11/12/2020 às 18h32min - Atualizada em 11/12/2020 às 18h32min

Detentos de São Paulo poderão passar o Natal em casa com suas famílias, já o cidadão cumpridor de seus deveres, não.

Diante a determinação do governador de São Paulo, João Dória, que pretende proibir as reuniões privadas e familiares no Natal, conceder a “saidinha de Natal” a detentos não parece uma decisão coerente.

Cristina Barroso
(REPRODUÇÃO)
Todos os anos, quando se aproxima o Natal, alguns detentos podem passar as festas de final de ano fora do presídio, em razão do "indulto de Natal" a eles concedido.
 
O indulto natalino, é um verdadeiro perdão aos condenados por determinados crimes, ensejando a extinção de suas penas. O preso sai do estabelecimento prisional para nunca mais voltar, pois sua pena fica extinta.
Tornou-se tradição o chefe do Executivo Federal conceder indulto coletivo em épocas natalinas, conforme permitido no artigo 84, XII da Constituição Federal. Já na “saidinha de Natal”o detento tem prazo estipulado para voltar ao sistema prisional.
 
Diante a determinação do governador de São Paulo, João Dória, que pretende proibir as reuniões privadas e familiares no Natal, conceder a “saidinha de Natal” a detentos não parece uma decisão coerente.
 
Departamento Estadual de Execuções Criminais (DEECRIM) liberou, nesta semana, a "saidinha do Natal" em São Paulo, a partir do dia vinte e dois de dezembro.
 
Essas liberações estavam proibidas desde março, por causa da pandemia de covid-19.
 
A "saidinha de Natal" vai durar até 5 de janeiro. A liberação ocorrerá às 6h (de Brasília) do dia vinte e dois. E o retorno tem que acontecer até 18h do dia cinco.
 
As "saidinhas" são liberadas para os presos que tenham cumprido 1/6 da pena e reincidente que tenham cumprido 1/4 dela. O bom comportamento é requisito para o benefício.
 
Esses presos estavam sem saídas desde março deste ano, por causa de uma decisão da Corregedoria Geral da Justiça, atendendo a uma solicitação da Secretaria da Administração Penitenciária de São Paulo.
 
Com as “saidinhas” de detentos impedidas desde o mês de março devido à pandemia do novo coronavírus, o Departamento Estadual de Execuções Criminais (DEECRIM) anunciou esta semana que a medida será retomada para a próxima data festiva.
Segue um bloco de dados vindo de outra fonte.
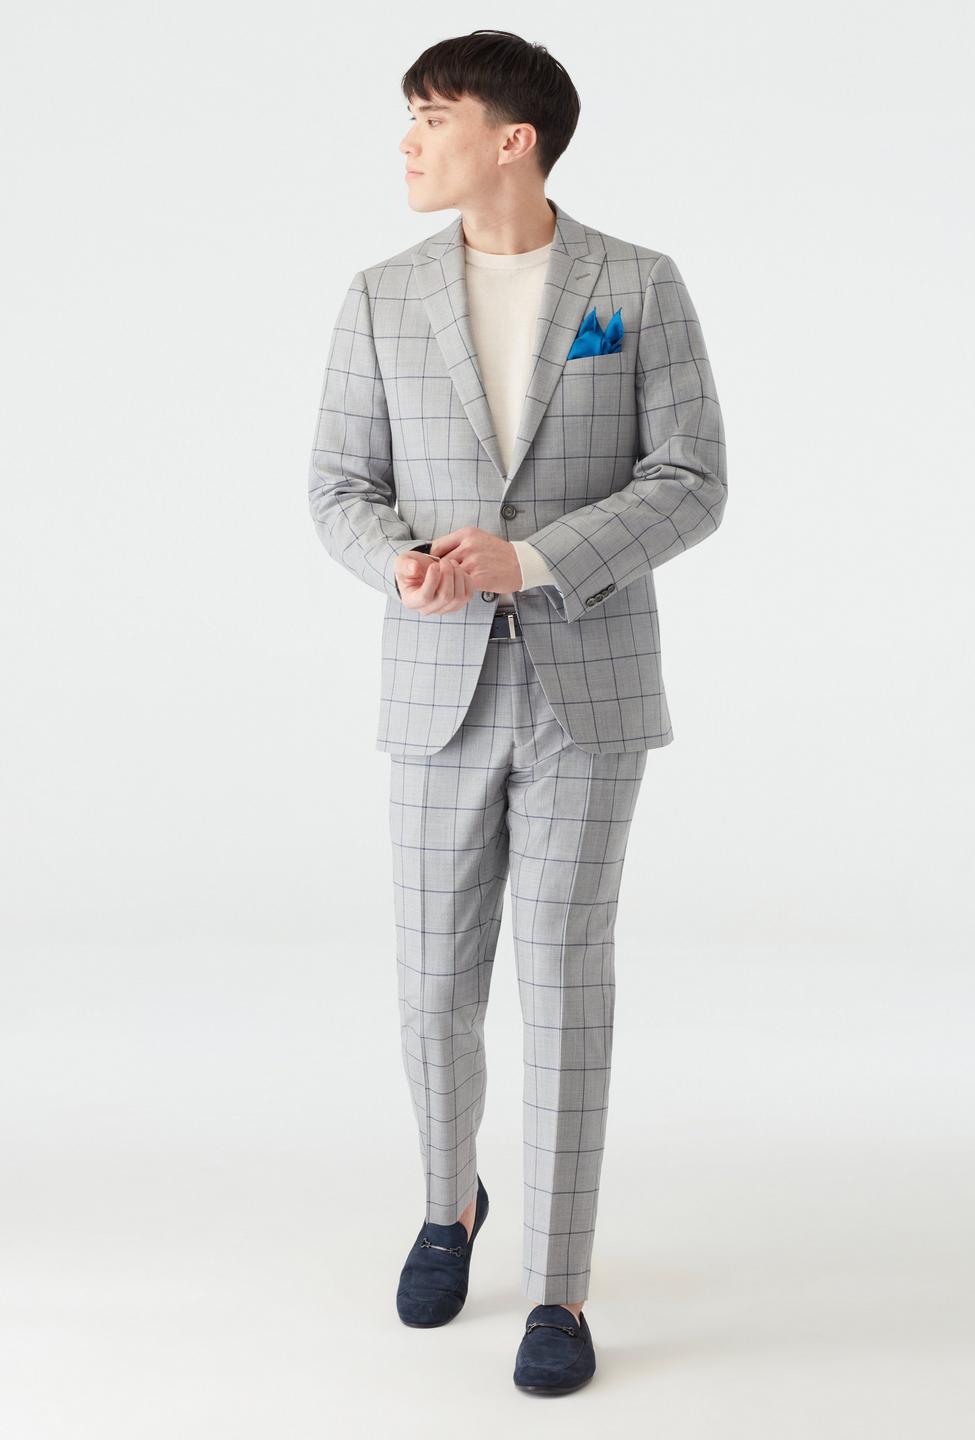 Keyford Windowpane Gray With Navy Suit

Levando em consideração a nova decisão, os detentos de São Paulo que fazem parte do regime semi-aberto poderão deixar os centros de detenções entre os dias vinte e dois de dezembro e cinco de janeiro.
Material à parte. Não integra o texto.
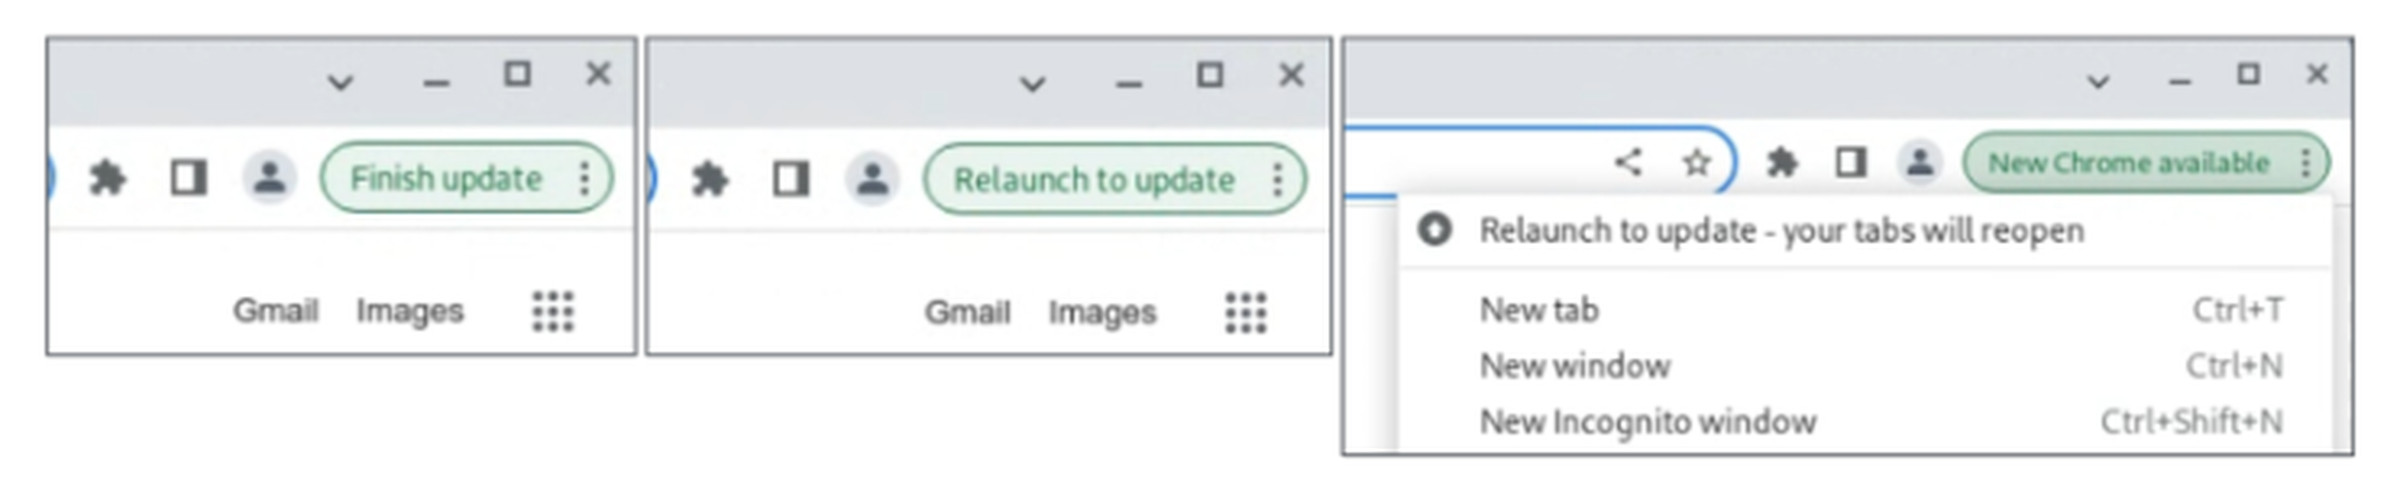 windows of chrome with menu coming from green update available banner

Devido à medida anterior, em que os presos se viam impossibilitados de deixar as penitenciárias por conta da pandemia, muitas fugas foram protagonizadas.
A decisão de suspender as saidinhas em março de 2020, havia sido anunciada pela Corregedoria Geral de Justiça, com base em uma solicitação da Secretaria de Administração Penitenciária de São Paulo.